Suka Makan
Oleh: Dahlan IskanKalau di Beijing saya selalu saja sudah terobsesi masakan Xinjiang. Atau sate kambing di dekat masjid Niu Jie. Lalu Peking Duck di Qian Men, dekat Tian An Men. Atau jadwal saya sudah penuh dengan jamuan makan oleh relasi di sana.
Haidilao pun sudah tidak masuk daftar obsesi: sudah ada di Jakarta dan Surabaya. Ngapain menyesaki daftar Beijing Obsession. Pun Xiao Fei Yang. Aromanya terasa terlalu kuat. Mungkin bawaan bertambahnya umur.
Saya jadi belajar dari tamu itu: bagaimana memilih lokasi untuk buka resto baru. Ternyata mereka hanya mengincar satu lokasi: di dalam mal.

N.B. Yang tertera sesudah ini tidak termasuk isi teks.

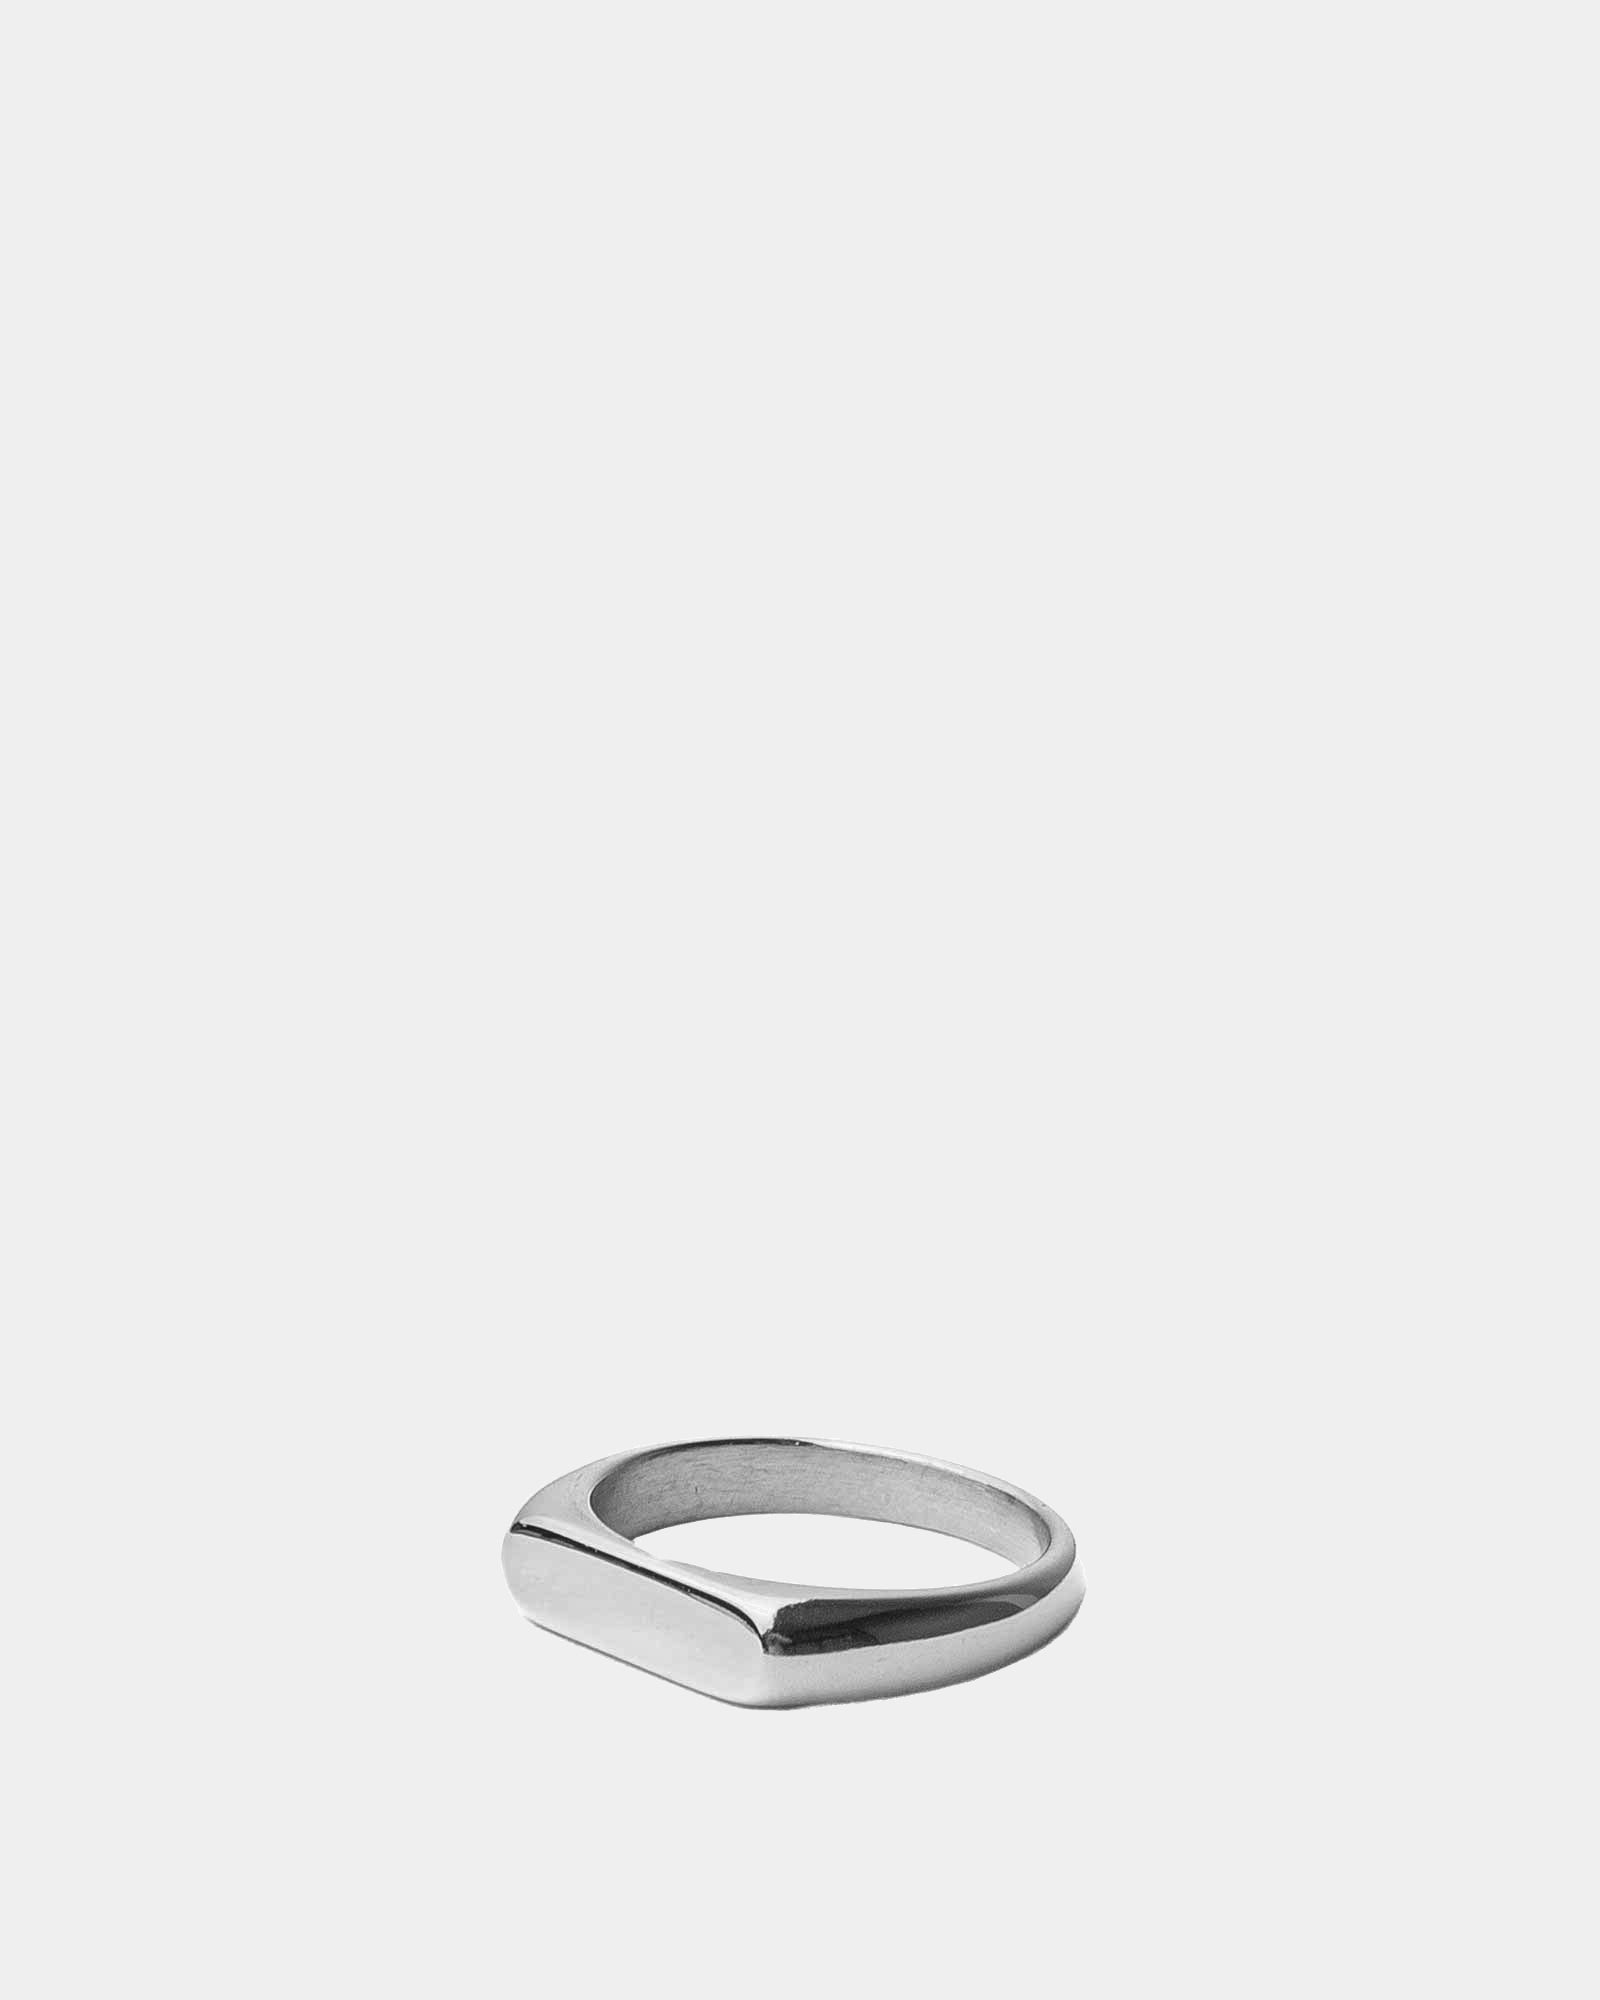 Anello Flat Top - Argento Acciaio inossidabile - Acquista anelli online - Anelli unisex in acciaio inossidabile - Dicci

Maka mereka minta diantar ke mal paling ramai. Lalu mal yang baru. Sama sekali tidak minta diantar ke lokasi selain mal.
Mereka pernah saya ajak makan di resto independen. Di luar mal. Bertetangga dengan perumahan lama, di Dinoyo Surabaya. Larisnya bukan main. Cari tempat parkir pun sulit.
Di situ mereka menyenangi masakannya tetapi tidak meminati lokasinya. Padahal, sudah saya jelaskan: betapa bagus bisnis teman saya itu. Dia mampu membangun resto dua tingkat di atas tanah sewa 15 tahun. Pakai lift. Atas biaya sendiri. Di luar harga kontrak 15 tahun yang dibayar tiap lima tahun. Bayar di muka.
Mereka tetap pilih buka di mal.
Sebagai orang asing mereka tidak tahu hukum dan adat di Indonesia. Mereka tidak mau ambil risiko yang di luar perkiraan. Dengan membuka resto di mal urusannya tinggal dengan pemilik mal.